PROBLEM DESCRIPTION
Quote the whole listing exactly. Leave the pictures out of your copy.

EXERCISE DATA
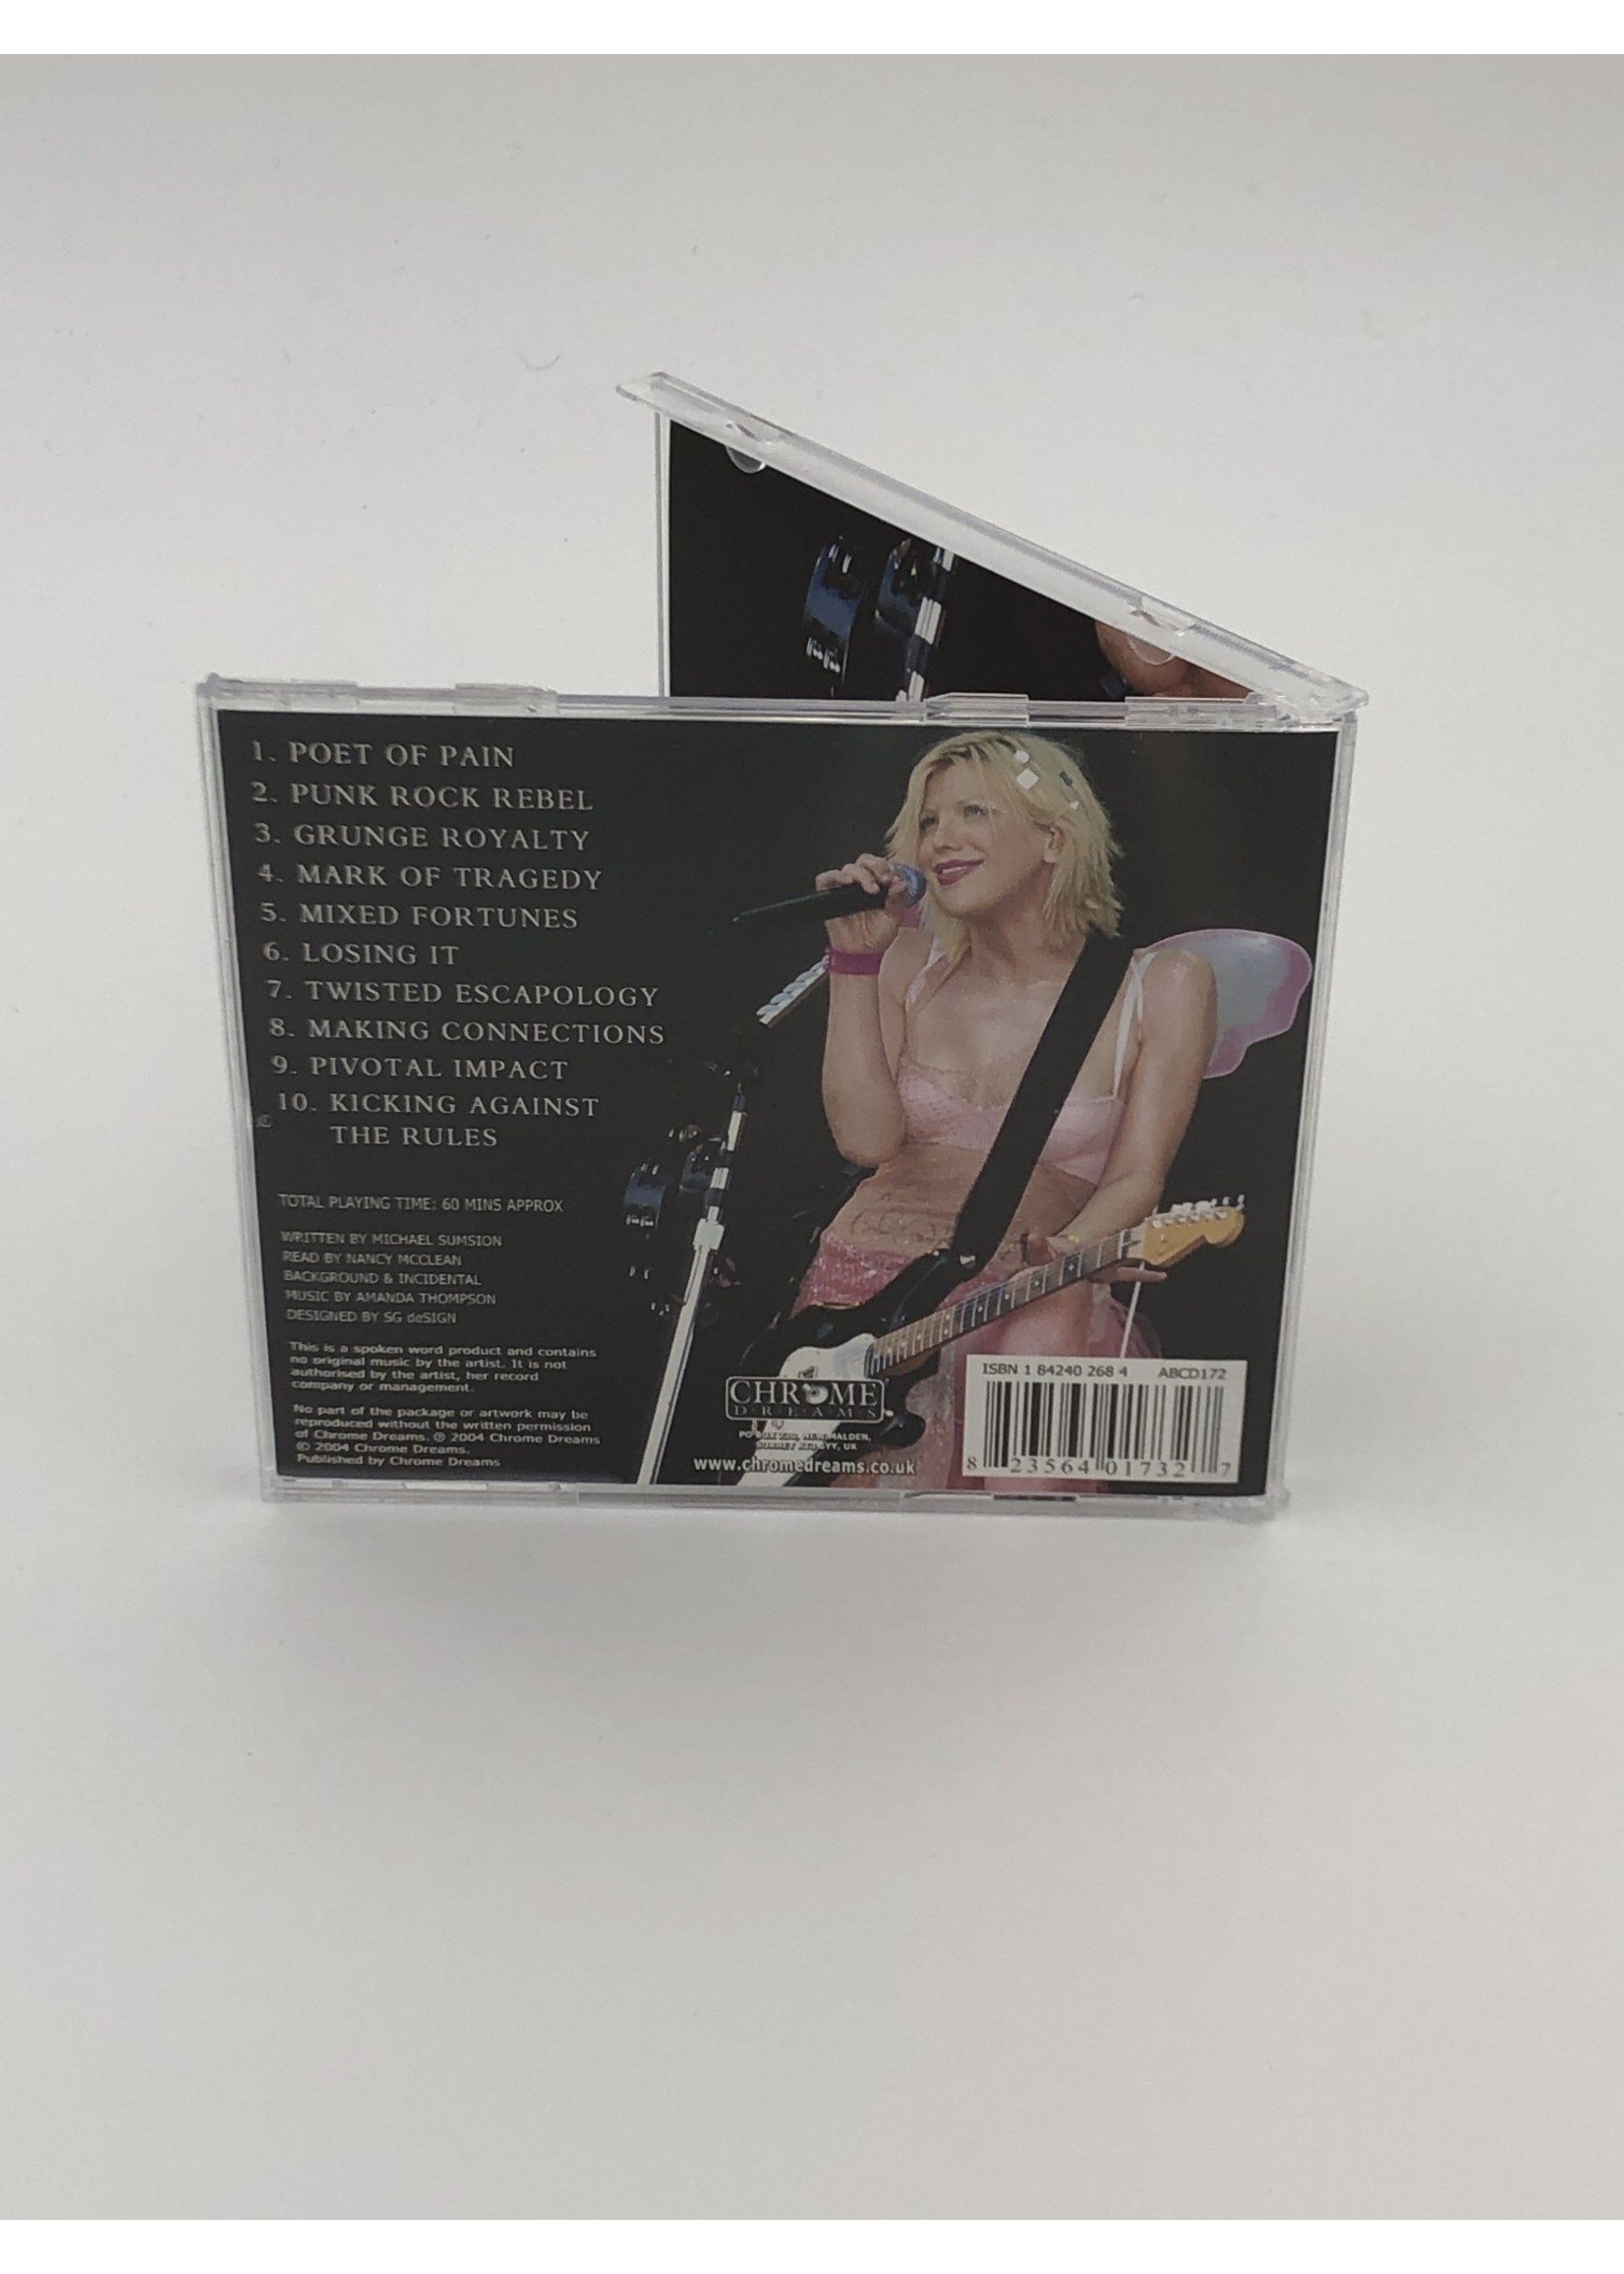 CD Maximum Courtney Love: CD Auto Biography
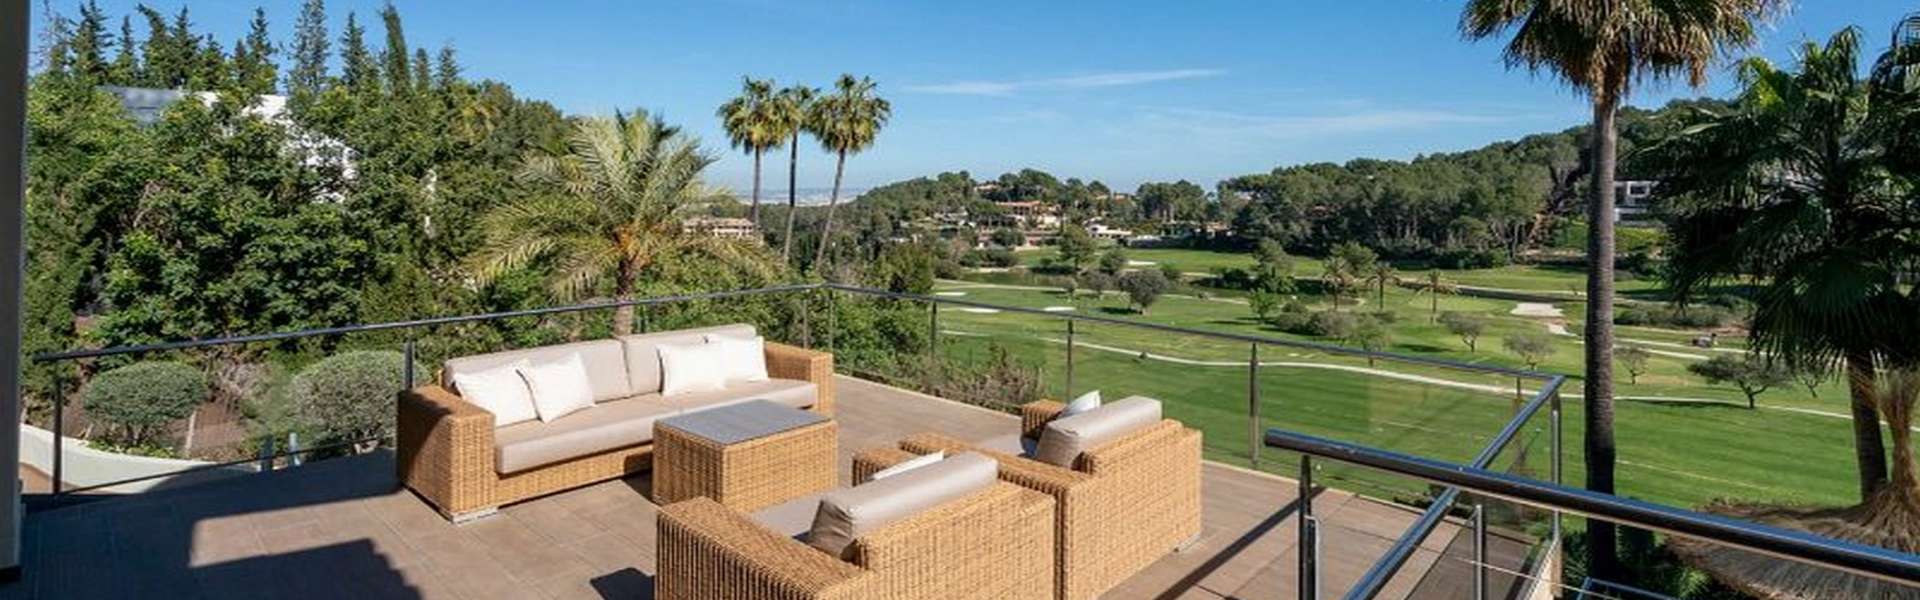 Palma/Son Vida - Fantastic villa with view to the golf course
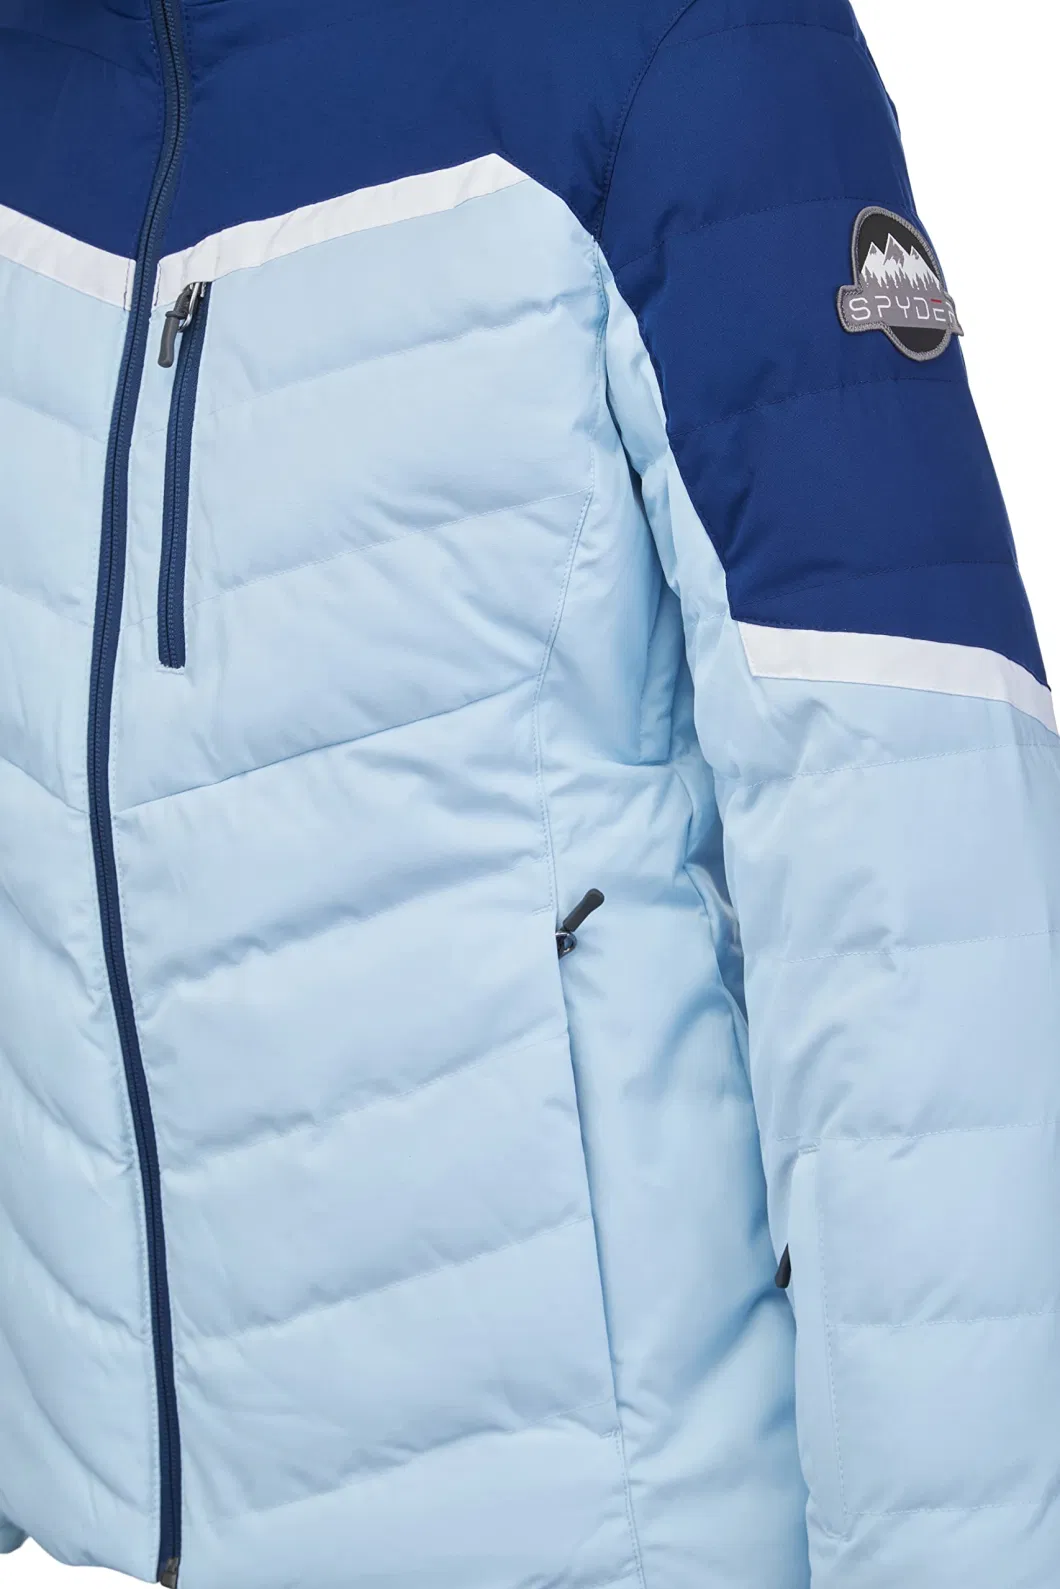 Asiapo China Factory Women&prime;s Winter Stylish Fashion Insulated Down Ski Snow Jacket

TASK SOLUTION
 CD Maximum Courtney Love: CD Auto Biography
 Palma/Son Vida - Fantastic villa with view to the golf course
 Asiapo China Factory Women&prime;s Winter Stylish Fashion Insulated Down Ski Snow Jacket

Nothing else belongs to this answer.